The East Hampton Town Police chief has his reservations on the matter. “If they have not committed a previous crime, and we are not arresting them for a crime, we have absolutely no interest in their immigration status,” Chief Sarlo said.

Currently, the only way East Hampton Town Police can identify whether an immigrant is undocumented is when they process the individual for a crime and fingerprint them. Their fingerprint response, Chief Sarlo said, shows whether there is a U.S. Department of Homeland Security and U.S. Immigration and Custom Enforcement detainer hold. The chief said his understanding is that these are issued only when that person has been charged with a serious crime.

If a detainer hold exists, Chief Sarlo said, he and his department members contact ICE to verify the identity of the person and whether the hold is still valid. If it is then it is a matter of whether ICE can send agents out to pick up the individual. “It is very rare—and we are only talking about fingerprintable offenses, wherein the arrestee is already charged or convicted of a serious crime and is here illegally,” he said.

Those in the system who are accused of committing a crime and are found by the Department of Homeland Security to be undocumented can be held for up to 48 hours, and if that time passes without the detainee being picked up, he or she is then released. Criticizing that as “catch-and-release,” Mr. Trump’s executive order is intended to stop that practice.

Sister Mary Harvey of Water Mill, a member of Neighbors in Support of Immigrants, said she is concerned that police are now obligated to detain undocumented residents, even for minor offenses. She said her organization is trying to set up a meeting with the Suffolk County sheriff and Southampton Town Police officials to find out how these new roles are going to be handled.

She also said the organization has been out in the communities distributing fliers helping to explain to immigrants their legal rights.

“We all know people who are concerned, and their major concern is being deported,” Sister Harvey said. “Before, ICE was the only one who could do that. Now, we aren’t positive of what can happen if police have that power.”

Mr. Epley said there are many immigrants on the East End, not just from south of the U.S. border but also from Europe, who provide necessary services. He called for a way to improve the processing of people coming into the U.S. legally, so that they can be placed on tax rolls, get insurance through the companies they work for, and get drivers’ licenses and car insurance.
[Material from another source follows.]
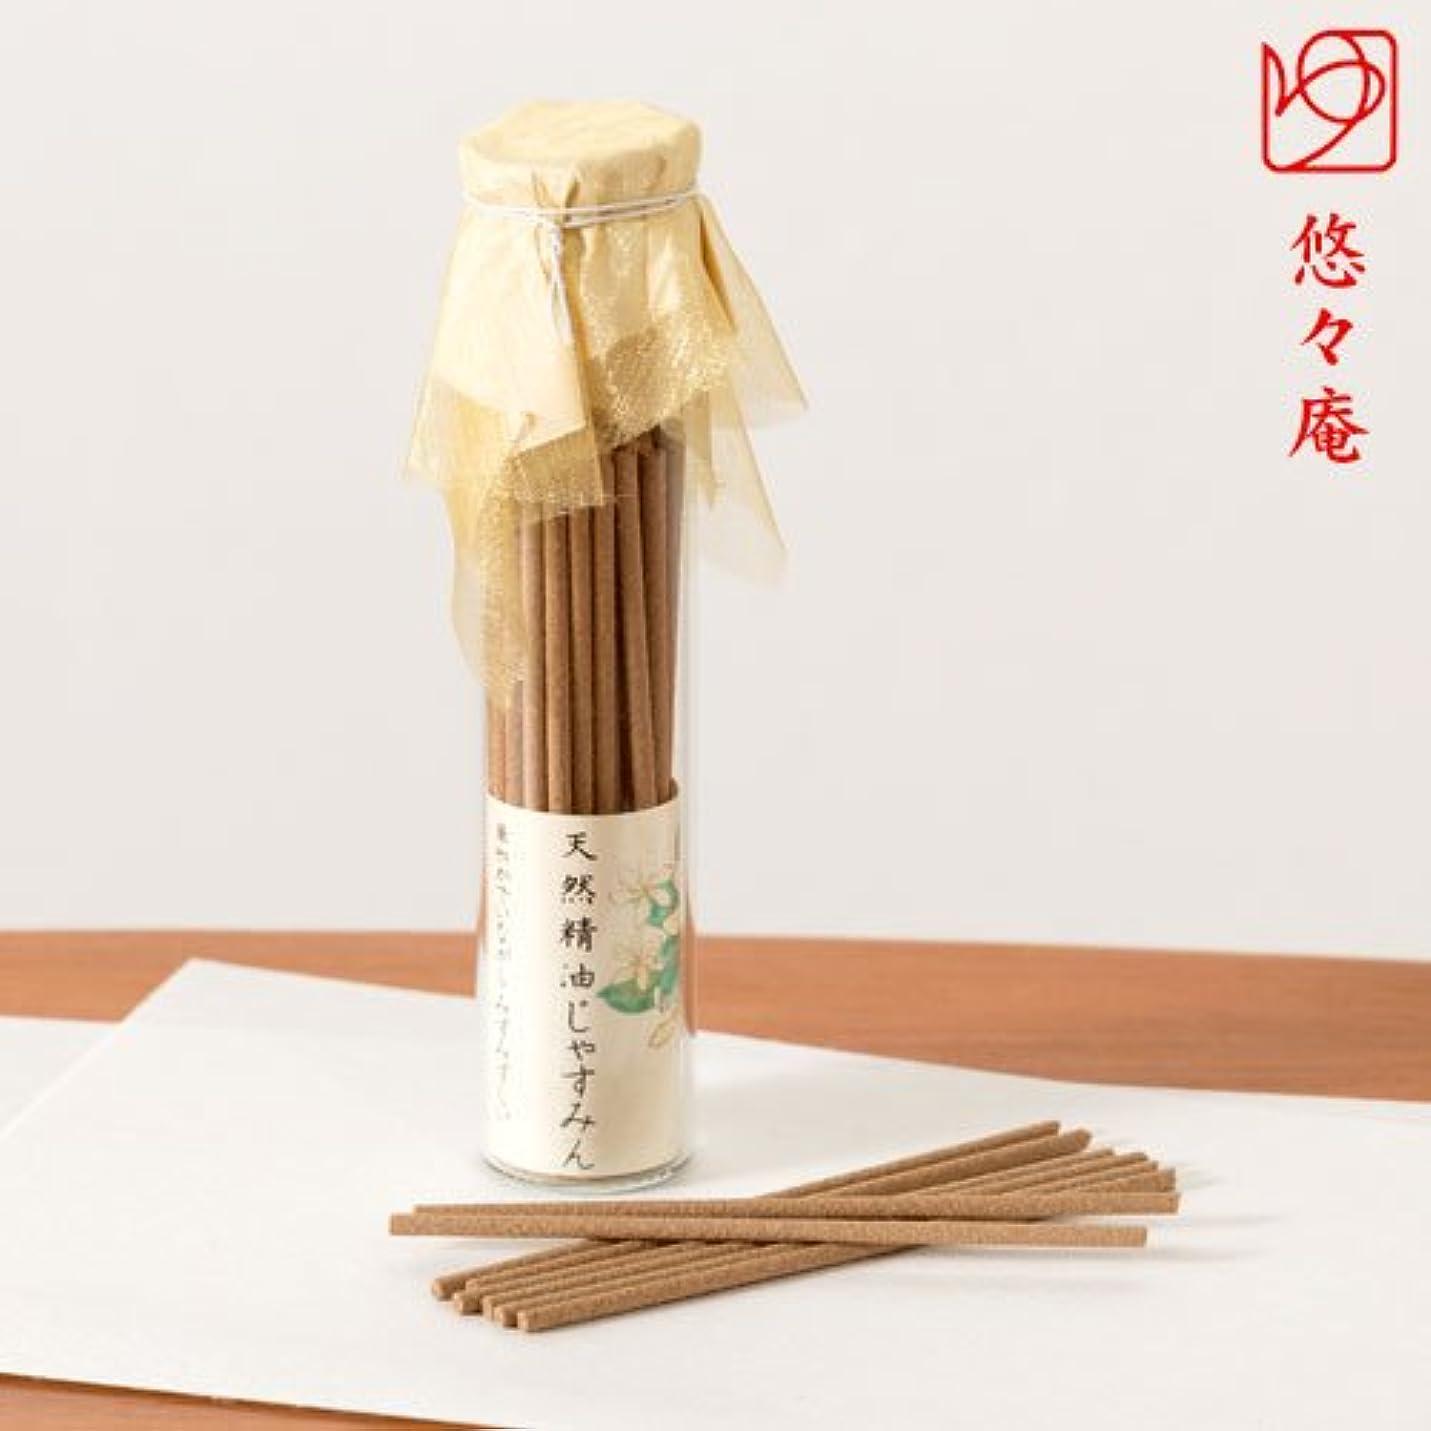 うっかり始まりあなたのものスティックお香天然精油のお線香窓辺のじゃすみんガラスビン入悠々庵Incense stick of natural essential oil

“It is important to remember: Victims of a crime are actually given preferential treatment through the …visa program in their efforts to gain citizenship,” Chief Sarlo said. “We are here to protect all those who reside here in East Hampton, and it is important we maintain the trust and cooperation of everyone.” He added that traffic violations do not trigger any sort of interaction with regard to immigration.

Southampton Town Supervisor Jay Schneiderman declined to comment on the executive order, saying he has not seen or confirmed what it actually says.